I want to tell you about a brilliant and entrancing book written by Merlin Sheldrake, a British biologist and writer. The subtitle of the book reveals how astounding and profound it’s read can be for you: “how fungi make our worlds, change our minds and shape our futures”.
Sheldrake is passionate scientist, very knowledgeable, and a wonderful writer. Please, read the beginning of the prologue to become aware of why so many people find impossible to put this book down:
The book is a captivating trip into the fungi world around us —and inside us; full of dazzling revelations, sprinkled with memorable passages… Let me share with you just some more sample quotes:
“Humans train dogs to find truffles because pigs are so attracted to them that they devour the truffles they find rather than turn them over to their minders. Restaurateurs from New York and Tokyo travel to Italy to build relationships with truffle dealers.”
“An experiment forced me to peer into the deeper recesses of my scientific imagination.

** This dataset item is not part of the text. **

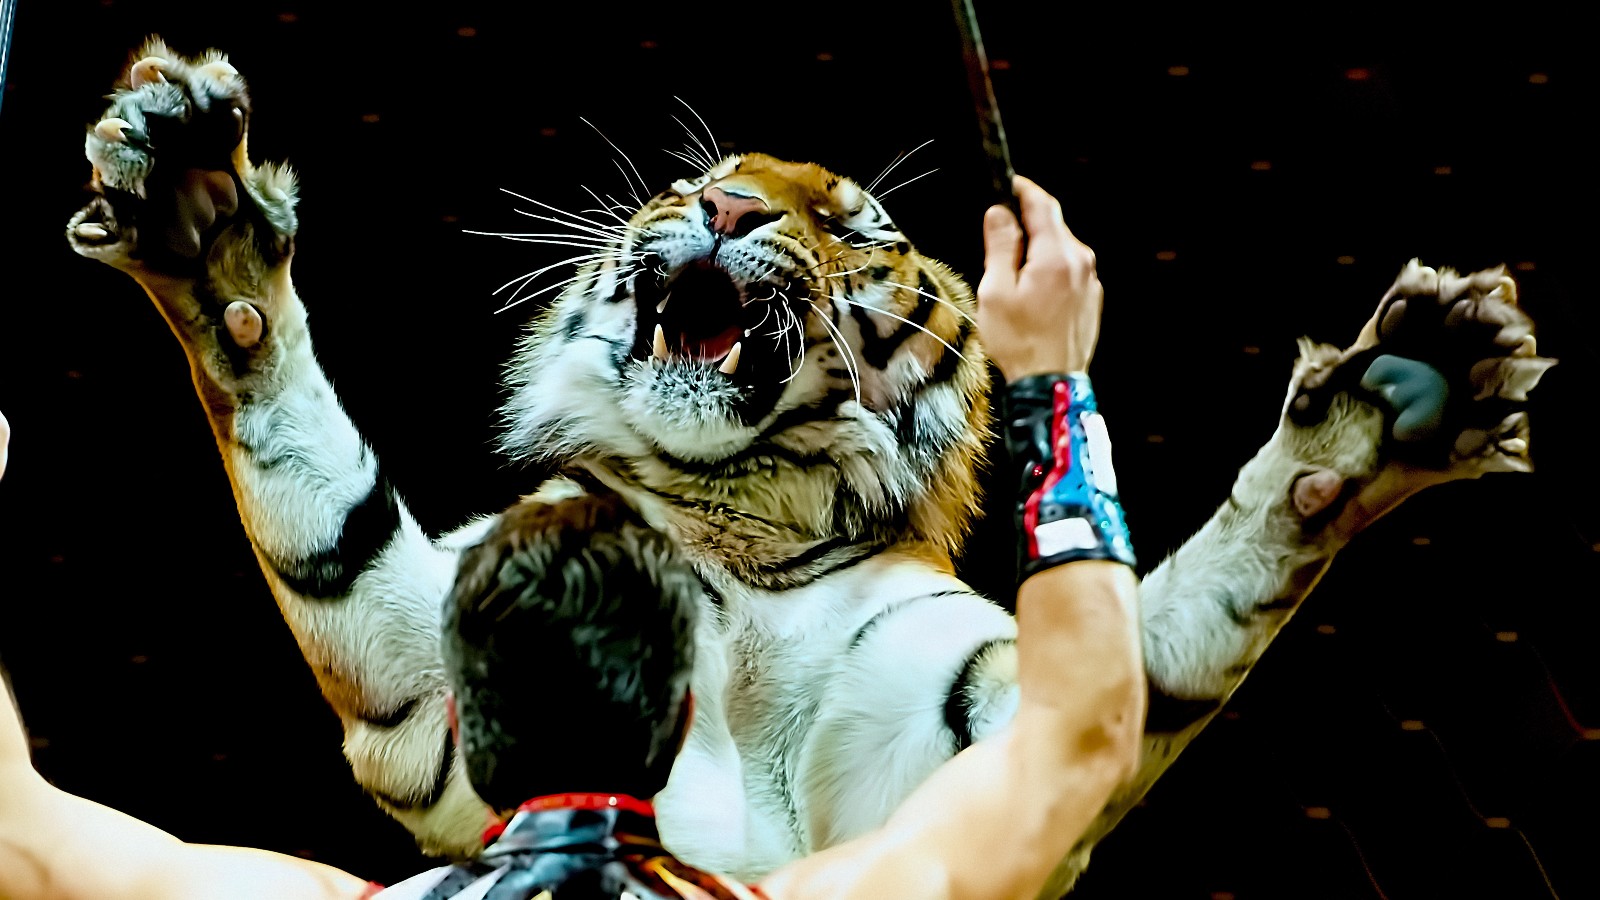 A tiger taking part in a circus performance

I signed up to take part in a clinical study into the effects of LSD on the problem-solving abilities of scientists, engineers, and mathematicians. The study was part of the wide revival of scientific and medical interest in the untapped potential of psychedelic drugs. The researchers wanted to know if LSD could grant scientists access to their professional unconscious and help them approach familiar problems from new angles. […] The nurse made sure I drank the LSD at exactly nine AM. […] Three hours later, when I had reached ‘cruising altitude,’ I was gently encouraged by my assistant to start thinking about my ‘work-related problem.’ […] All my research questions were fungal ones, and I was comforted by the knowledge that LSD was originally derived from a fungus that lives within crop plants; a fungal solution to my fungal problems. What would happen?”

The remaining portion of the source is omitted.